Re: [PATCH] mm/hugetlb: avoid get wrong ptep caused by race

From: Sean Christopherson
Date: Wed Feb 19 2020 - 11:22:43 EST

On Wed, Feb 19, 2020 at 08:21:26PM +0800, Longpeng (Mike) wrote:
> å 2020/2/19 9:58, Sean Christopherson åé:
> > FWIW, I'd be in favor of going the READ/WRITE_ONCE() route for x86, e.g.
> > convert everything as a follow-up patch (or patches). I'm fairly confident
> > that KVM's usage of lookup_address_in_mm() is safe, but I wouldn't exactly
> > bet my life on it. I'd much rather the failing scenario be that KVM uses
> > a sub-optimal page size as opposed to exploding on a bad pointer.
> >
> Um...our testcase starts 50 VMs with 2U4G(use 1G hugepage) and then do
> live-upgrade(private feature that just modify the qemu and libvirt) and
> live-migrate in turns for each one.

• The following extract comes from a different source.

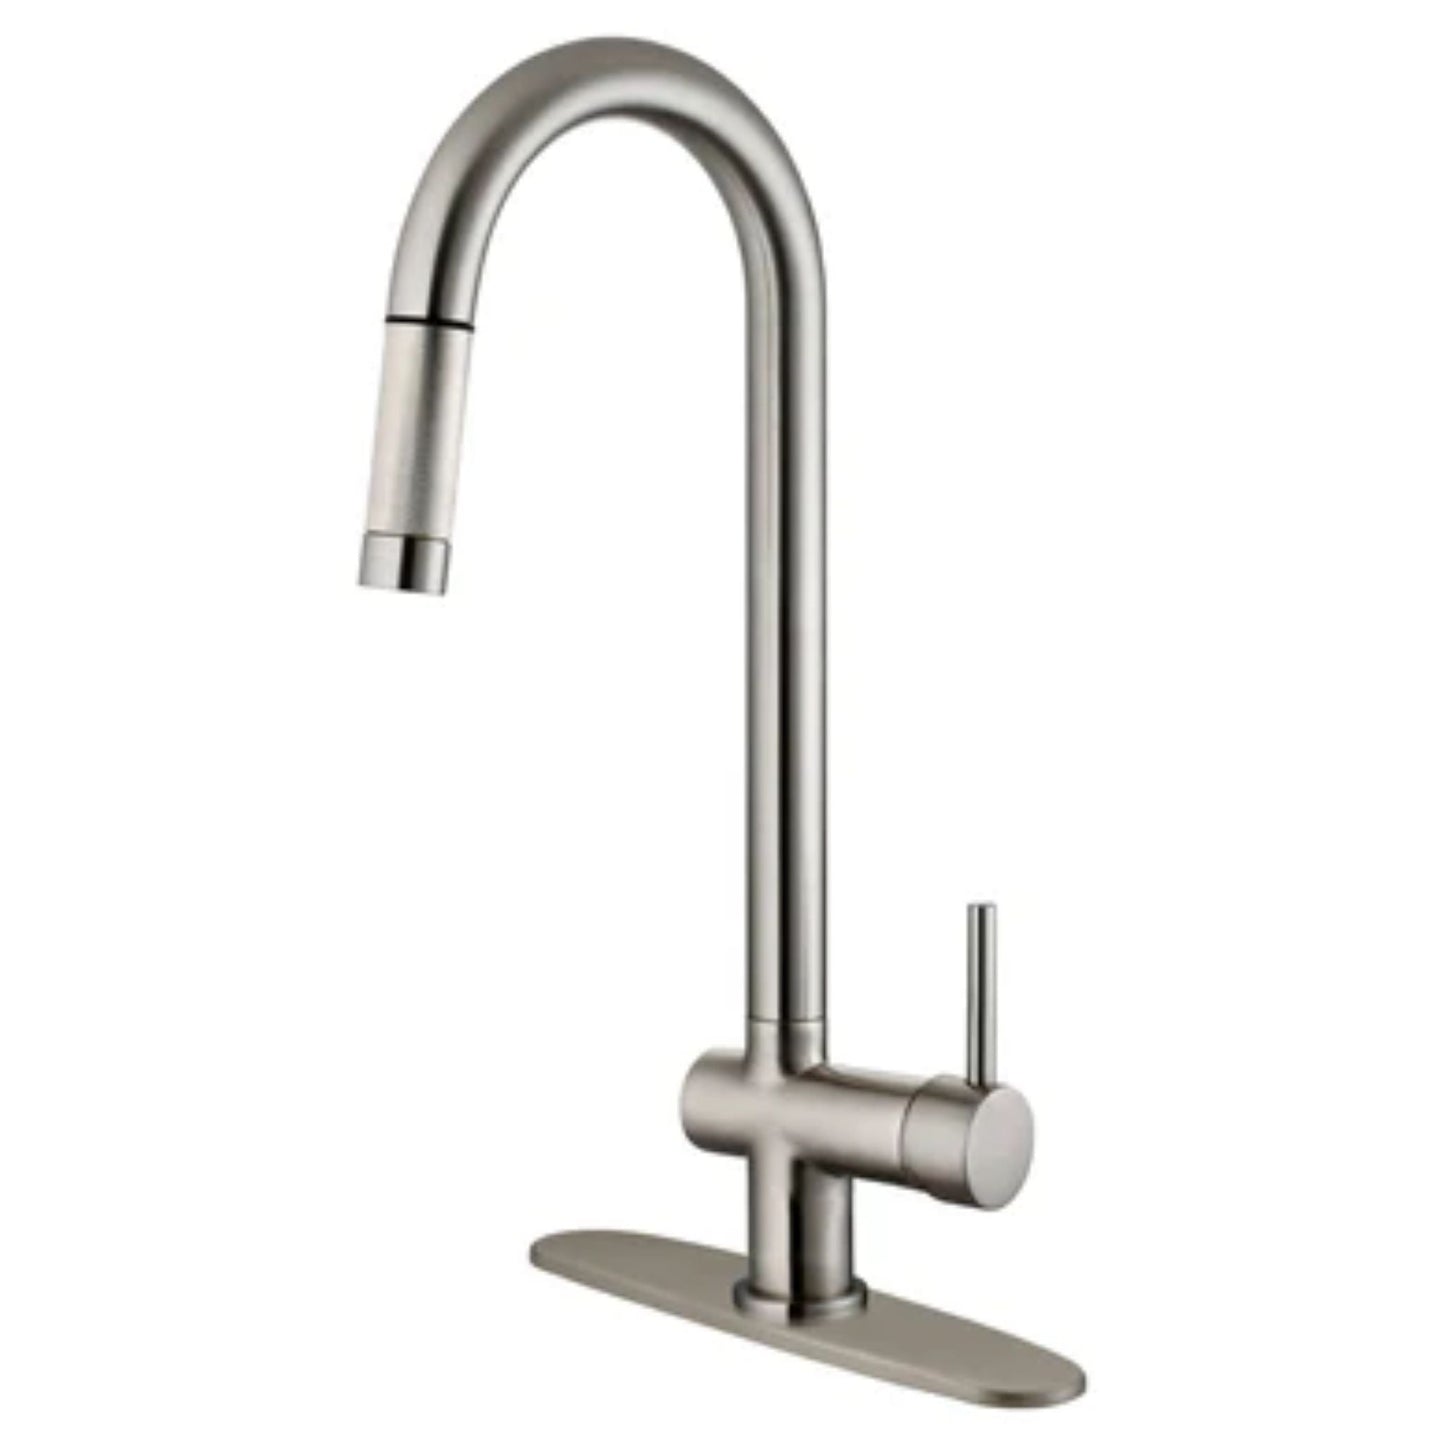 LessCare Brushed Nickel Finish Pull Out Kitchen Faucet - LK13B

However our live upgraded new QEMU won't do
> touch_all_pages.
> Suppose we start a VM without touch_all_pages in QEMU, the VM's guest memory is
> not mapped in the CR3 pagetable at the moment. When the 2 vcpus running, they
> could access some pages belong to the same 1G-hugepage, both of them will vmexit
> due to ept_violation and then call gup-->follow_hugetlb_page-->hugetlb_fault, so
> the race may encounter, right?

Yep. The code I'm referring to is similar but different code that just
happened to go into KVM for kernel 5.6. It has no effect on the gup() flow
that leads to this bug. I mentioned it above as an example of code outside
of hugetlb_fault() that would also benefit from moving to READ/WRITE_ONCE().